* _WHAT THE TASK ASKS_:
Give the listing again exactly, skipping any pictures it holds.

* _DATA PROVIDED_:
-------

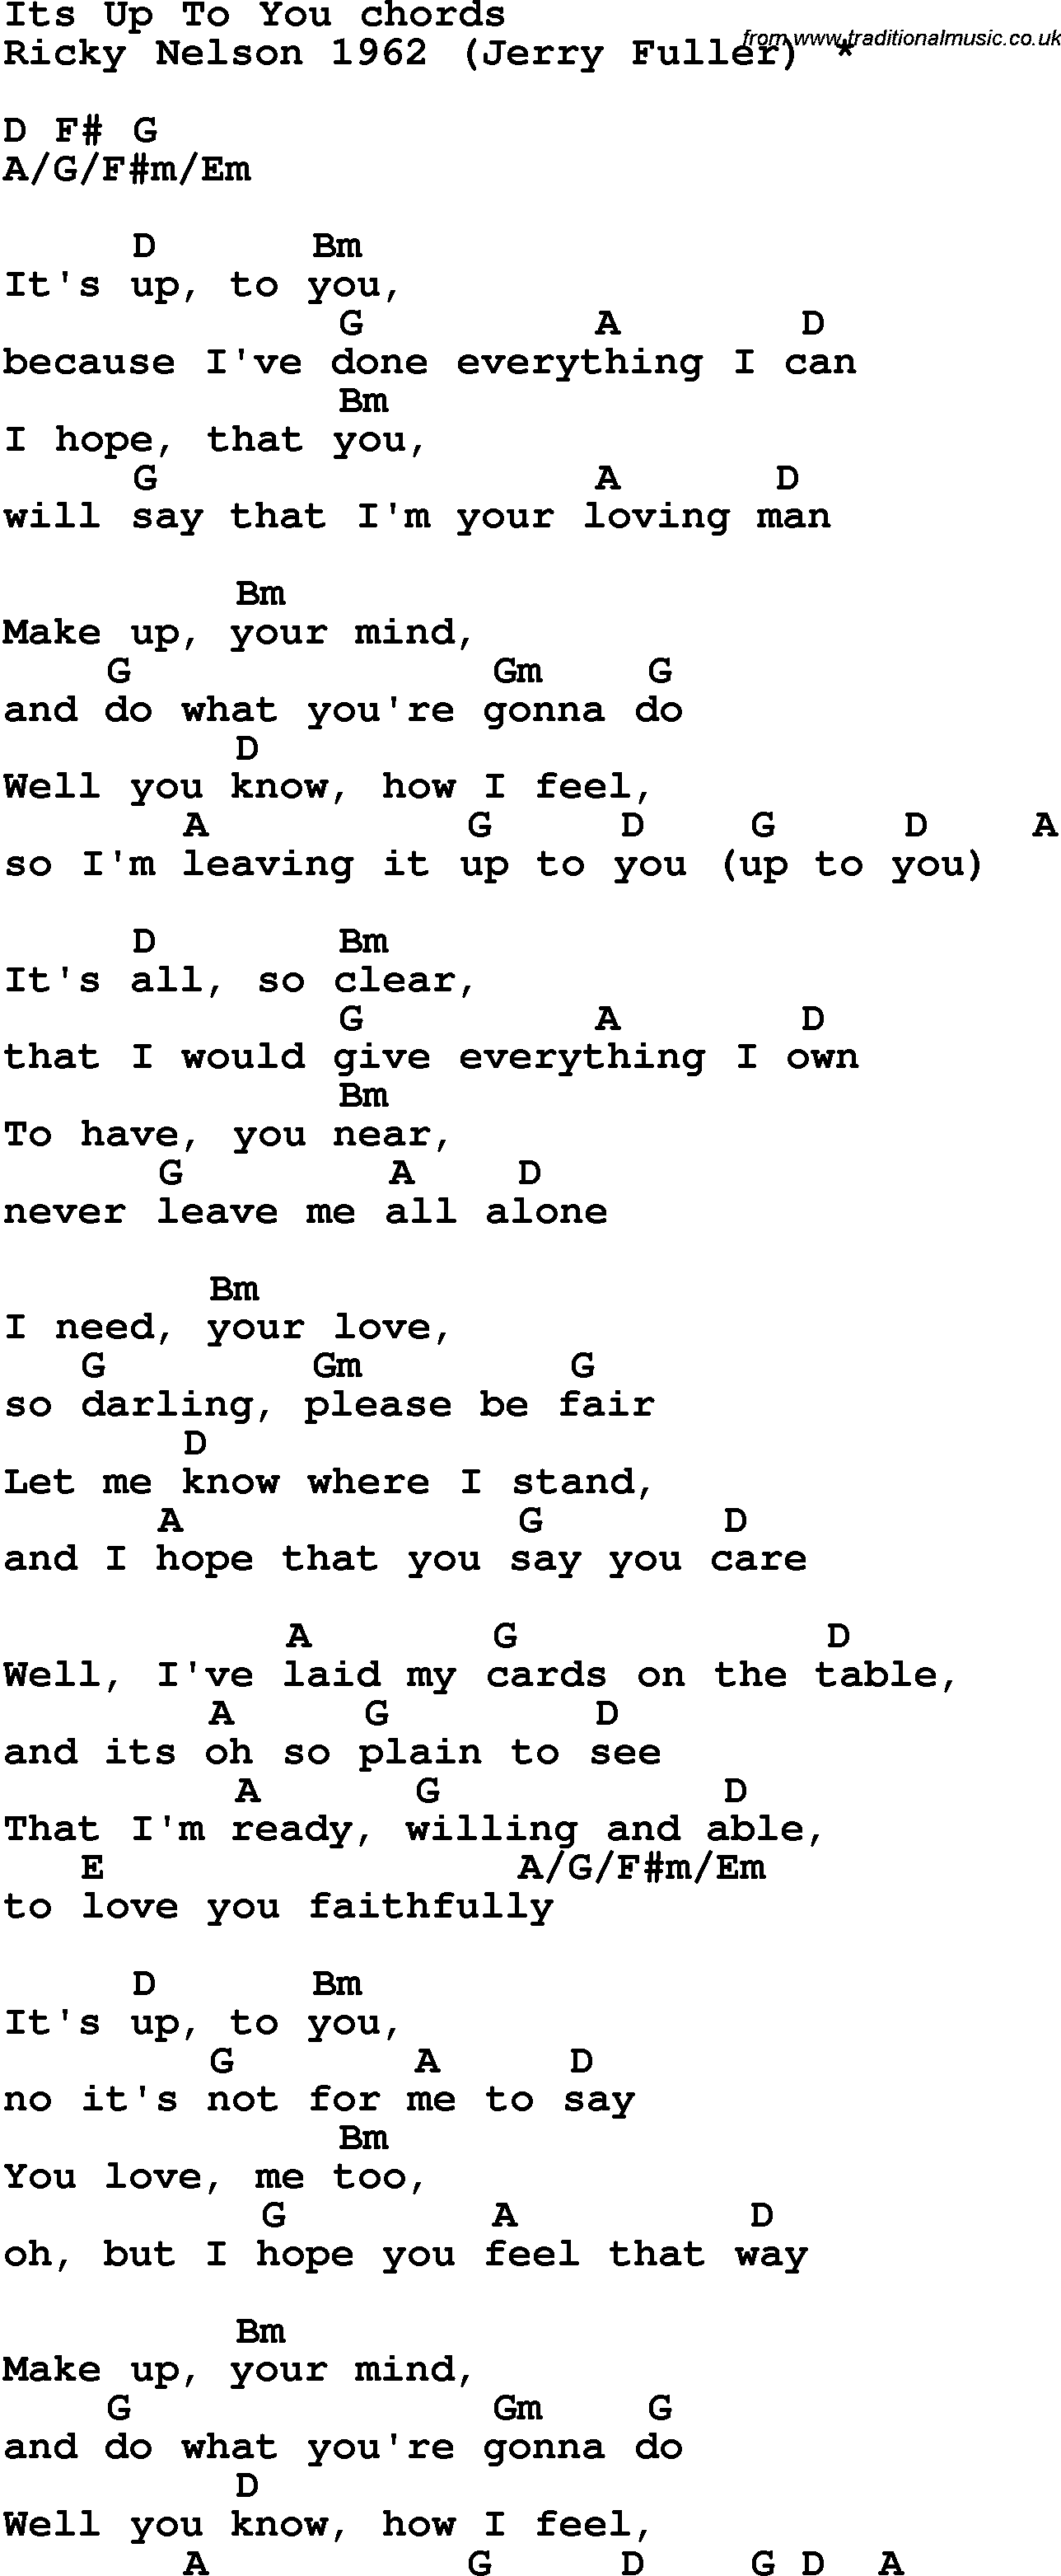 Song Lyrics with guitar chords for It's Up To You
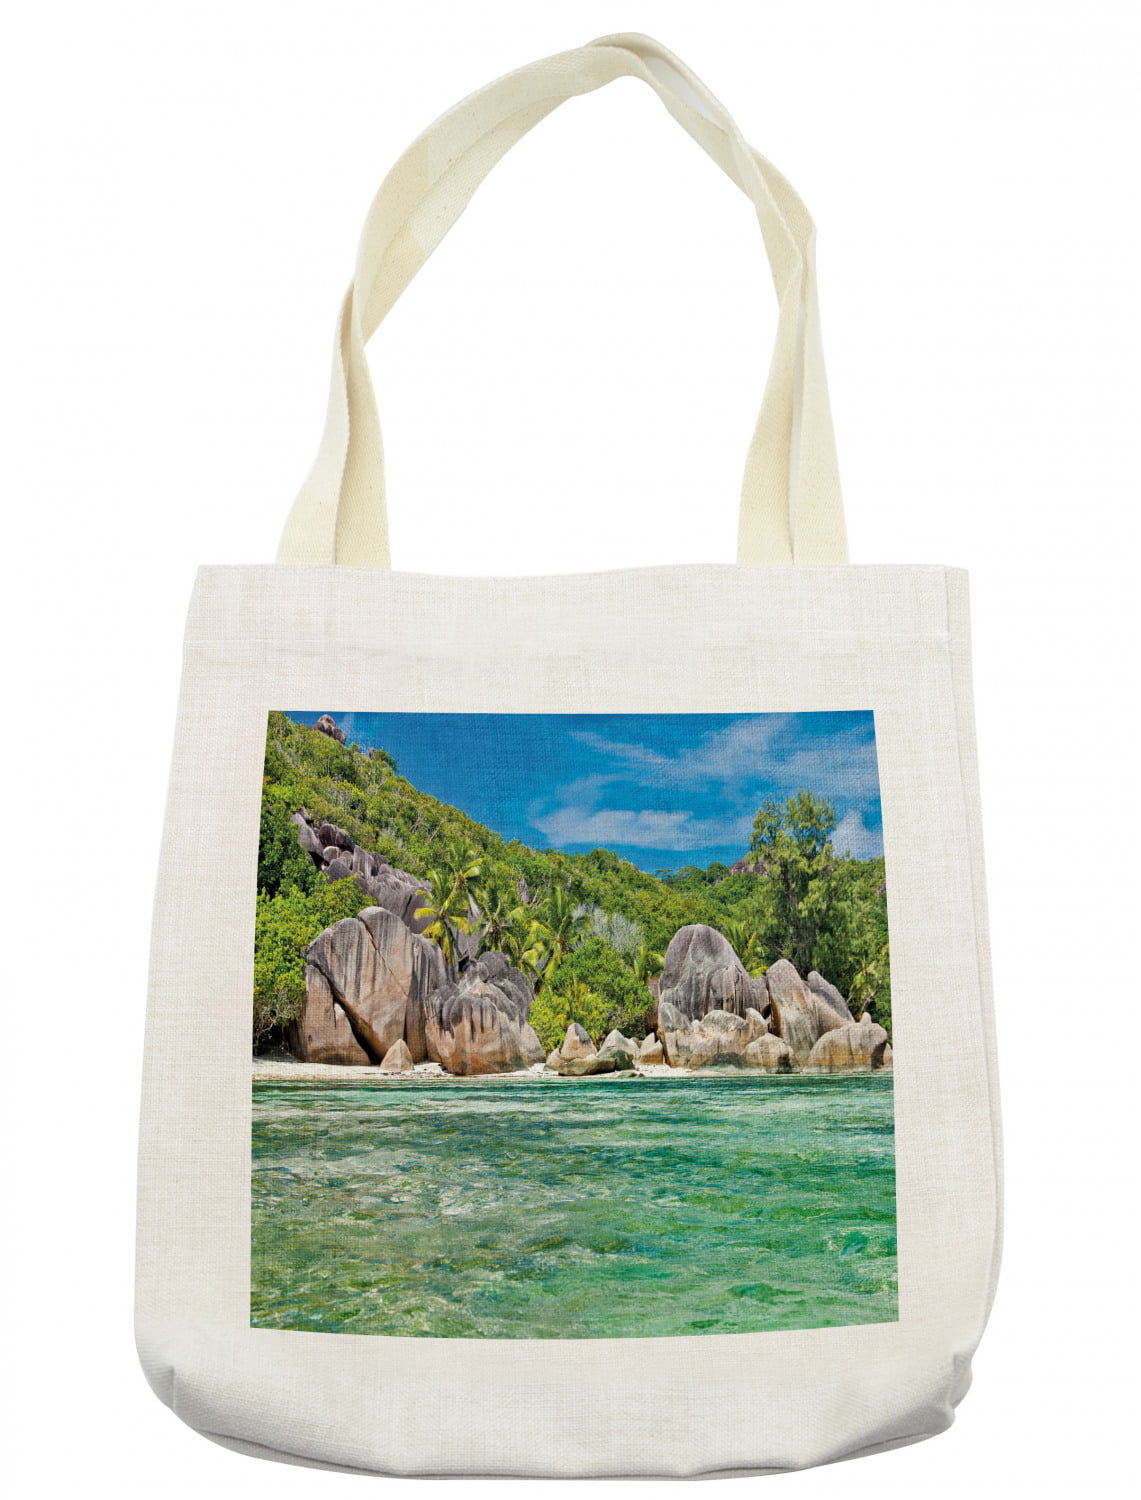 Clear Tote Bag for Travel and Beach by Surcotto - TSA Approved
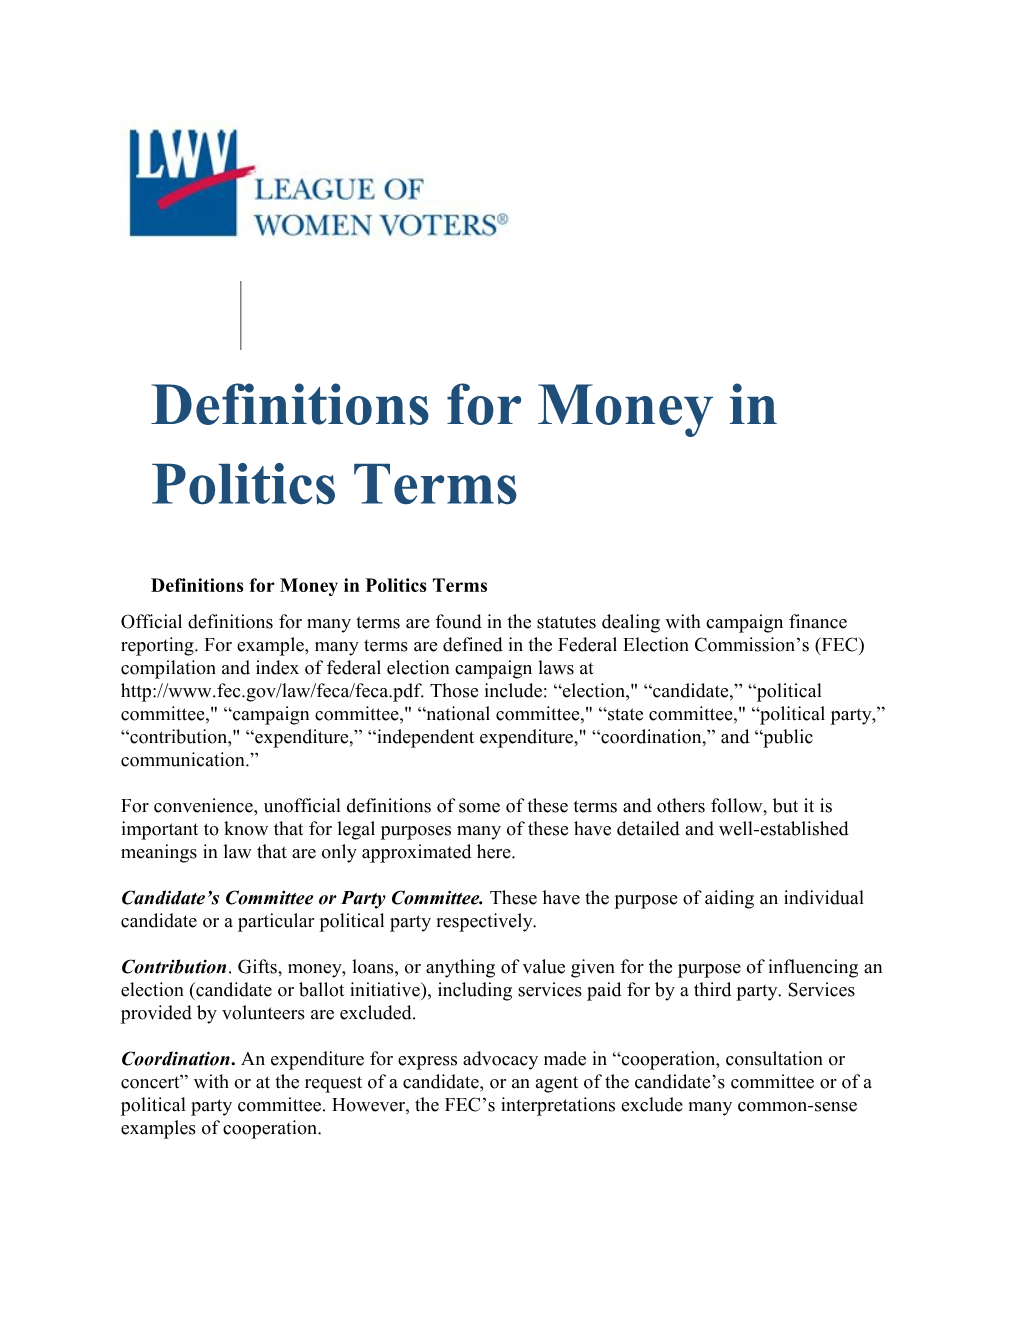 Definitions for Money in Politics Terms

-------

* _RESULT_:
 Song Lyrics with guitar chords for It's Up To You
 Clear Tote Bag for Travel and Beach by Surcotto - TSA Approved
 Definitions for Money in Politics Terms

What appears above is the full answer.